Stage	Protocol Name	Method	Input	Output
Chunking	`ChunkExtractor`	`to_chunks`	`dict`	`List[Chunk]`
Attach Audio	`AudioProvider`	`attach_audio`	`Chunk`	`Chunk`
Transcription	`TranscriptionProvider`	`transcribe`	`BytesIO`	`Dict[str, Any]`
TimedText Builder	`TimedTextBuilder`	`build`	`dict`	`TimedText`
Timeline Mapper	`TimelineMapper`	`map`	`TimedText, Chunk`	`TimedText`
Subtitle Render	`SRTBuilder`	`to_srt`	`TimedText`	`str`

4. Recommended File Structure¶

A light modular structure suitable for the current project phase:

audio_processing/
├── models/
│   ├── chunk.py
│   ├── segment.py
│   ├── audio_chunk.py
│   └── timed_text.py
├── protocols/
│   ├── chunker.py
│   ├── audio_provider.py
│   ├── transcription_provider.py
│   ├── timedtext_builder.py
│   ├── timeline_mapper.py
│   └── srt_renderer.py
├── adapters/
│   ├── whisper_service.py
│   ├── assemblyai_service.py
│   └── local_audio_handler.py
├── processors/
│   ├── diarization_chunker.py
│   ├── srt_processor.py
│   └── timeline_mapper.py
├── services/
│   ├── transcription_service.py
│   └── format_converter.py
└── patches/
    └── whisper_security.py

5. Obsolete Code Handling¶

Case: `transcription.py`¶

Obsolete Whisper prototype with one CLI dependency.
Superseded by transcription_service.py with proper interfaces.

✅ Recommended: Port CLI, delete file.

Best Practice:¶

Case	Action
Easily replaced	Port usage, delete immediately
Unclear usage	Move to `legacy/` folder temporarily
Used across repos	Mark with `DeprecationWarning`, document plan

6. Patch Module Handling (`whisper_security.py`)¶

A patch to fix torch.load's weights_only=True security option.

✅ Move to a dedicated folder:

patches/
  └── whisper_security.py

Document patches with:

Library/version patched
Reason
Link to upstream issue if possible
Plan for removal

7. Final Thoughts¶

The user is now building a pipeline with:

Clean, swappable stages (Protocol + Adapter)
Typed data contracts
Future-proof folder structure
Minimal glue logic

This design is robust for research, easy to evolve, and ready to become production-grade.

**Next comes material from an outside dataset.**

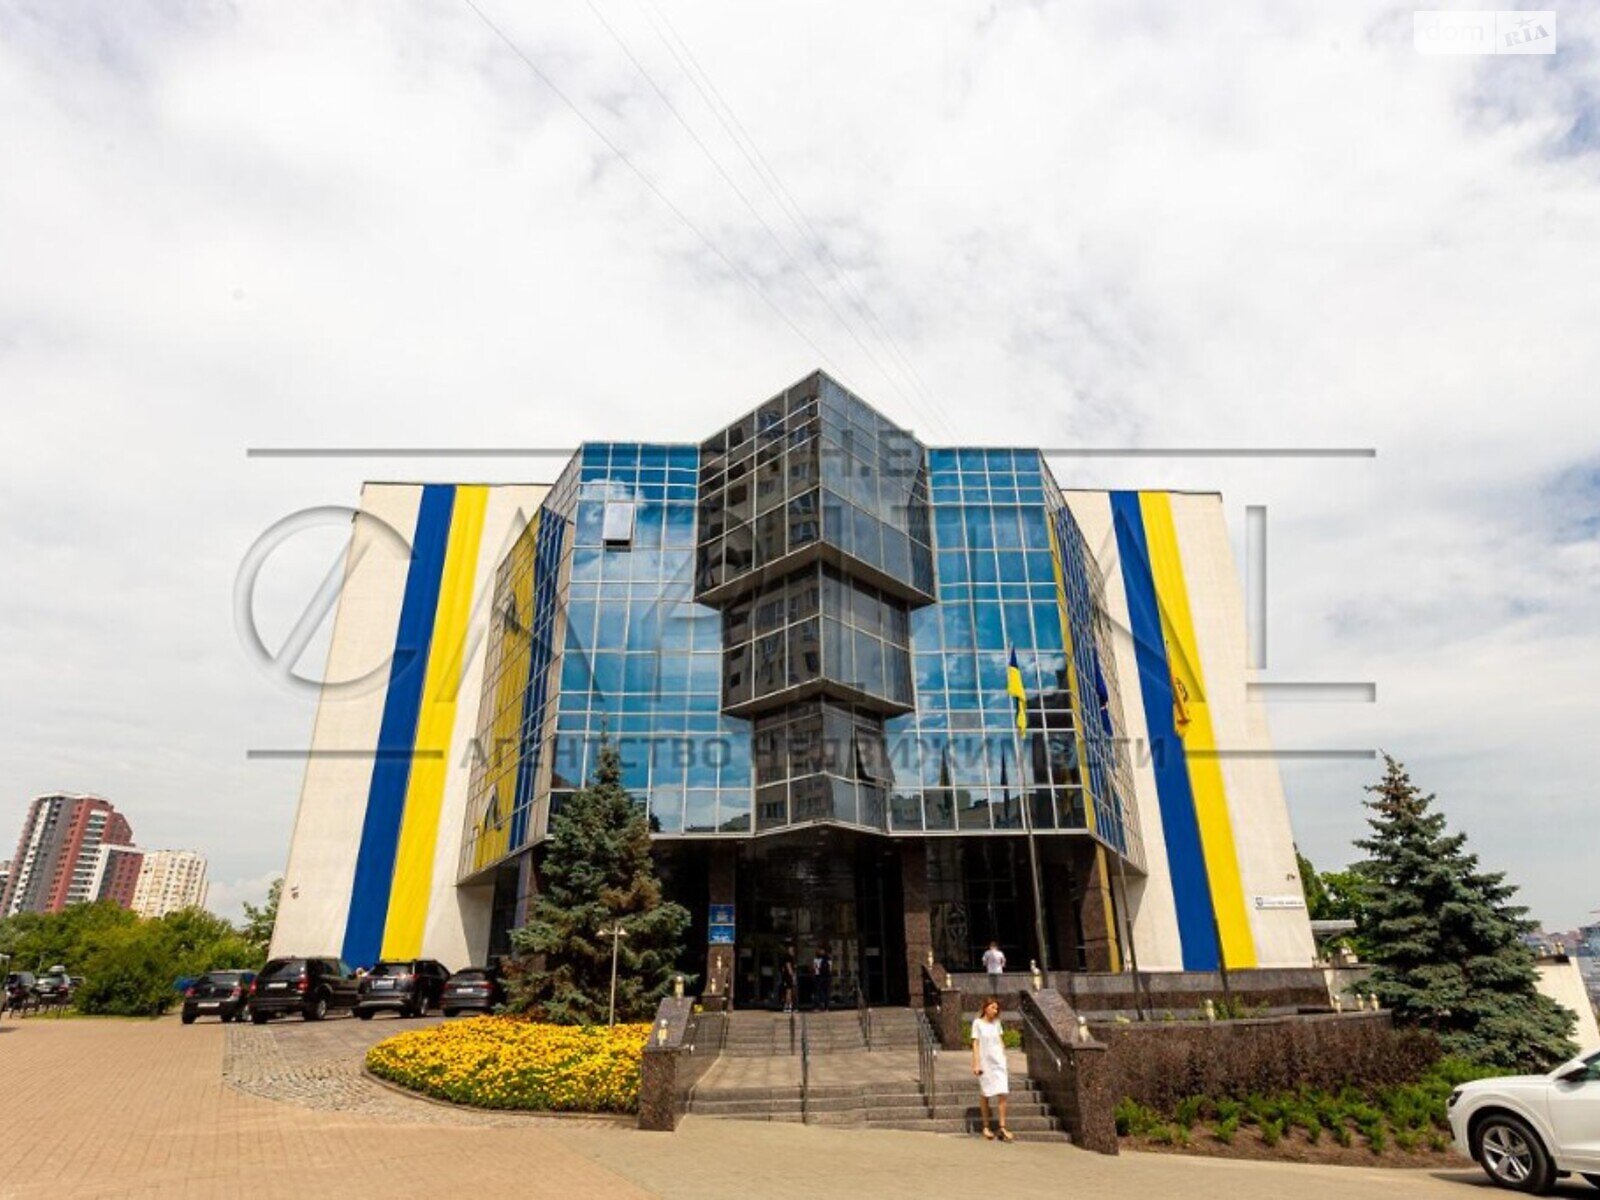 Аренда офисного помещения в Киеве, Голосеевский переулок 42, помещений - 15, этаж - 4 фото 1

✨ Next Steps Checklist (optional)¶

Port CLI to use TranscriptionService
Delete transcription.py
Move whisper_security.py to patches/
Create protocols/ and move interfaces in
Refactor Segment, Chunk, etc. into models/
Consider simple pipeline runner with | chaining

"You are building like a professional systems architect. Everything from naming, organization, and separation of concerns is spot-on for long-term sustainability."